Ora, não restam dúvidas. Foi mesmo Bento XVI que afirmou que a fé não cresce a partir do ressentimento e da recusa da modernidade. Estava a referir-se às posições de Feyerabend e de Weizsacker que empreenderam reflexões contra o absoluto da ciência. Qualifica mesmo Feyerabend como “filosofo agnostico-scettico”. E porquê? Porque o autor de agaisnt the method revê (e não defende) as posições da Igreja seiscentista contra Galileu apenas do ponto de vista das particularidades da vivência das populações contra um racionalismo cego que se pretende impôr com Galileu. Se o director Fernandes tivesse perdido algum tempo a ler Feyerabend teria percebido que sua crítica assenta sobre a recusa de racionalidades englobantes e unívocas (como as defendidas por Bento XVI). A racionalidade totalitária (recorrente ao longo da história) expressa-se hoje pela ciência. Equivale a uma ideologia representando hoje o papel que o cristianismo desempenhou na sociedade ocidental. É sugestivo que o capítulo se intitule “crise de fé na ciência”.

O que nos conduz ao significado do protesto dos universitários. Não sei se interpretaram correctamente ou não o discurso de Bento XVI. Provavelmente não. Sei que o consideraram intelectualmente inconsistente. Sei que estão no seu pleno direito de o considerar e de expressar por escrito no seu abaixo-assinado a recusa de que venha proferir o discurso inaugural. É curioso como o liberalismo do senhor directos Fernandes, de Pacheco Pereira ou de Pulido Valente, seja um liberalismo, como sempre, selectivo. A menos que todos tenhamos ficado subitamente ingénuos, tanto os universitários, como Feyerabend, sabem que os discursos são lugares de poder.
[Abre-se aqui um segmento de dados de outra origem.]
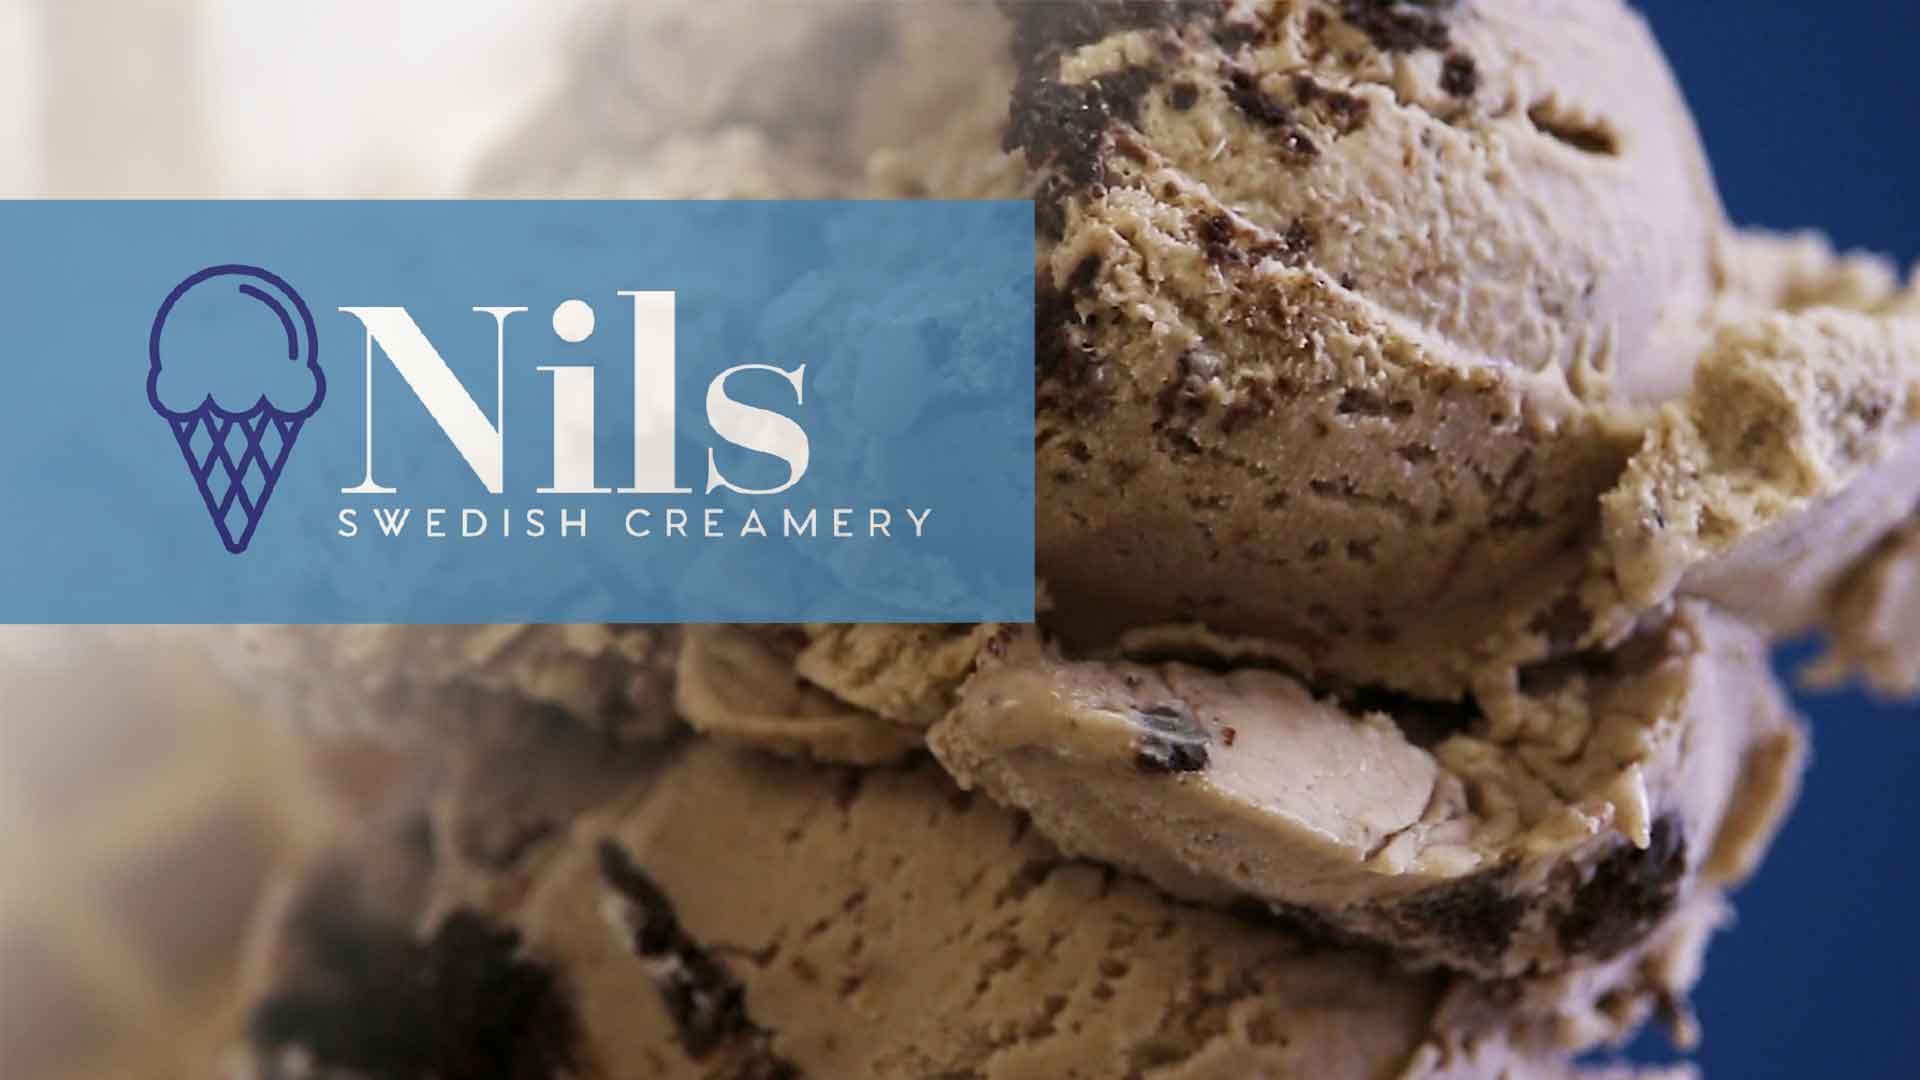 Nils Swedish Creamery

Que a escolha de um Papa para o discurso é um sinal claro mas precisamente do contrário do que afirmam Fernades, Pereira e Valente. É inegável que há um retomar social fortíssimo do peso da Igreja. Precisamente por isso surgiram os protestos na Universidade de Roma. Não terá lembrado a estes pensadores que quem não tem poder talvez não motive reacções.

Para grande pena do director Fernandes, Bento XVI, não foi agredido, os seus livros não foram queimados, a sua liberdade não foi coarctada. Apenas se ouviram vozes (escritas a tinta em pedaços de lençol) que desmente os lugares comuns todos os dias repetidos pelo poder das televisões e dos jornais quase de forma unânime. Ratzinger “é um dos grande intelectuais da actualidade” repetiu pela enésima vez Fernandes. Os Universtiários de Roma apenas disseram: nós recusamos essa racionalidade, porque temos uma outra visão do mundo. Aqui na Universidade é o nosso espaço, um dos últimos redutos contra a alinça ideológica totalitária do liberalismo parlamentar, todos os dias defendida pela rançosa versão ocidental do cristianismo de domingo de manhã.